In Finley v. State, 527 S.W.2d 553 (Tex. Cr.App.1975), this Court confronted a similar contention to that made here, but which was based on the 1972 Texas Equal Rights Amendment. See Tex.Const.Art. I § 3a. We have carefully reviewed the Court's reasoning and rejection of the contention advanced in Finley, supra, and find it worthy of reaffirmation. For the reasons there expressed, we find appellant's first and second grounds of error to be without merit. They are accordingly overruled.
The judgment of conviction is affirmed.
TEAGUE, J., concurs in the result.
NOTES
[1]  June also admitted she had kissed and "petted" with appellant on occasion.
[2]  On cross-examination June admitted she had once told her sister appellant was her "boyfriend" in order to evade an impression she did not like men.
[3]  Proscribing unaggravated rape:

(a) A person commits an offense if he has sexual intercourse with a female not his wife without the female's consent.
(b) The intercourse is without the female's consent under one or more of the following circumstances:
(1) he compels her to submit or participate by force that overcomes such earnest resistance as might reasonably be expected under the circumstances;
(2) he compels her to submit or participate by any threat, communicated by actions, words, or deeds, that would prevent resistance by a woman of ordinary resolution, under the same or similar circumstances, because of a reasonable fear of harm; ..."
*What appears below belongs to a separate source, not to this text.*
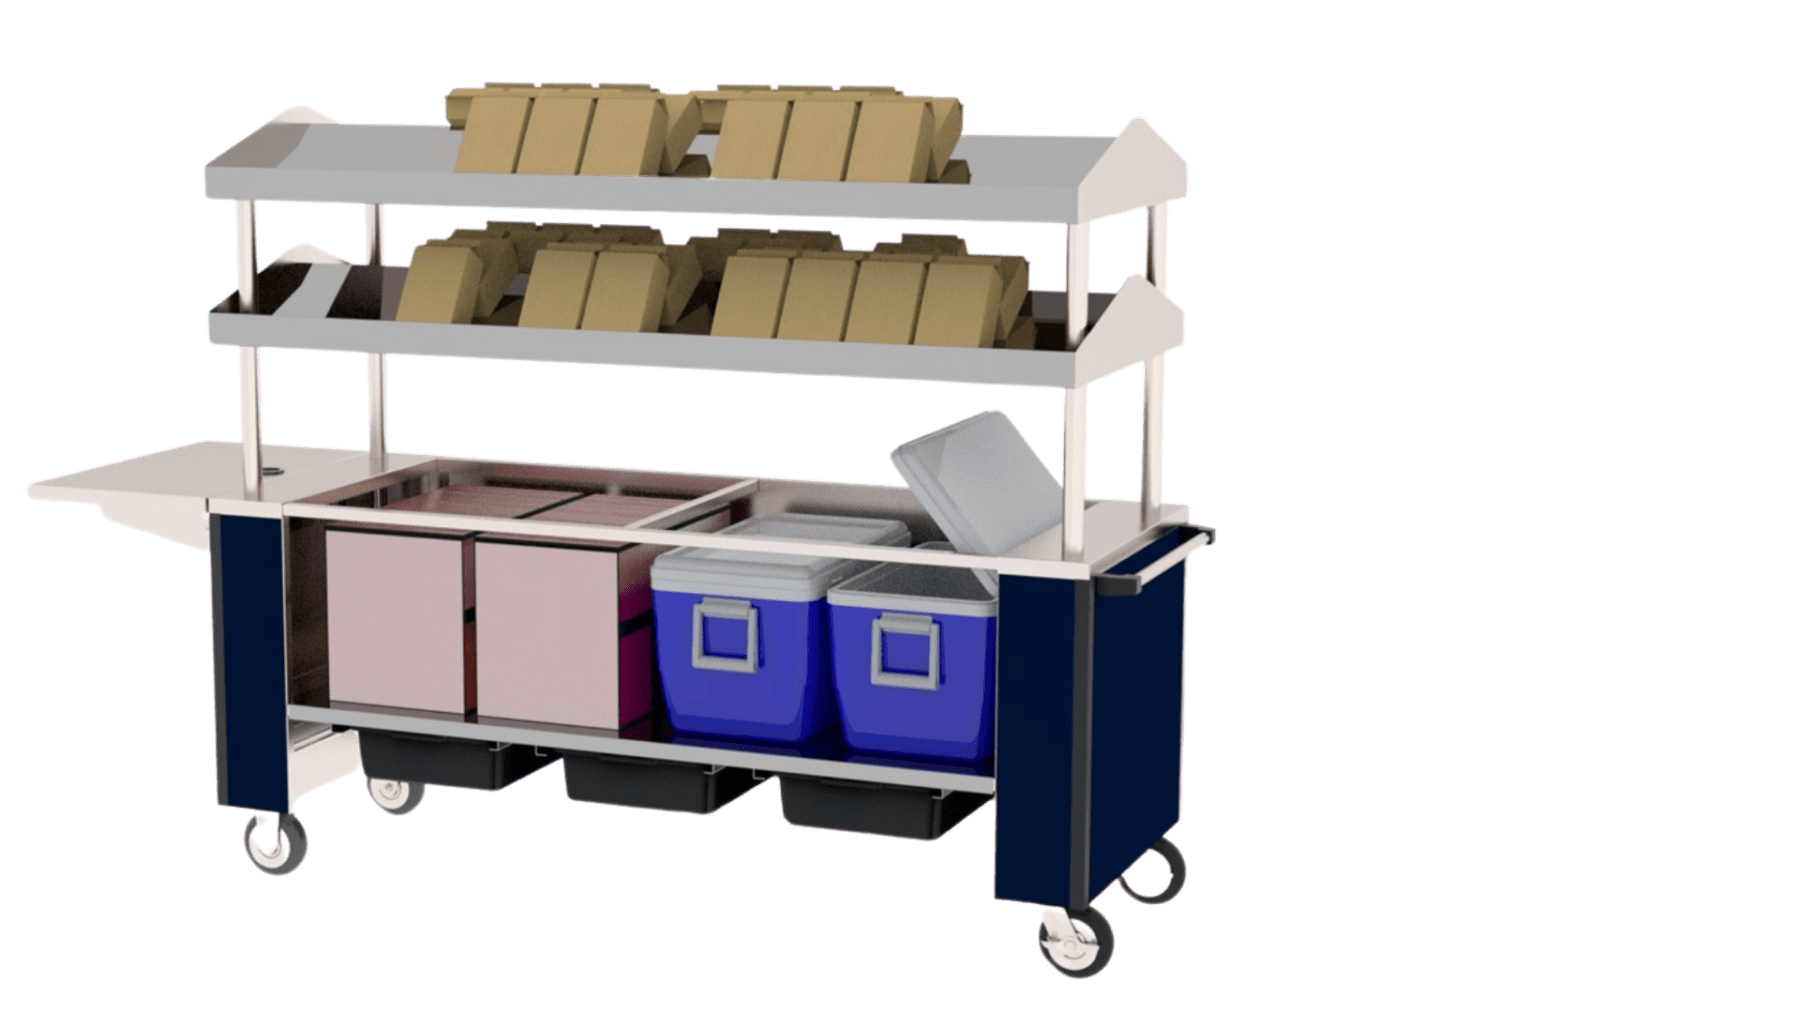 Lakeside 58080 Mobile Housekeeping Cart, (1) Blue Nylon Bag, (1) Door, (1)  18 x 48-in. Fold-Up Platform, (2) Bucket Capacity - Lakeside Foodservice

[4]  Prohibiting evidence of the victim's prior sexual conduct unless "and only to the extent that, the judge finds that the evidence is material to a fact at issue in the case and that its inflammatory or prejudicial nature does not outweigh its probative value."
[5]  Difficult, but not necessarily impossible. See Miller v. State, 86 S.W.2d 460 (Tex.Cr.App. 1935). See also Killingsworth v. State, 226 S.W.2d 456 (Tex.Cr.App.1950).
[6]  See §§ 6.03(a) and (b); and Rubio v. State, 607 S.W.2d 498 (Tex.Cr.App.1980).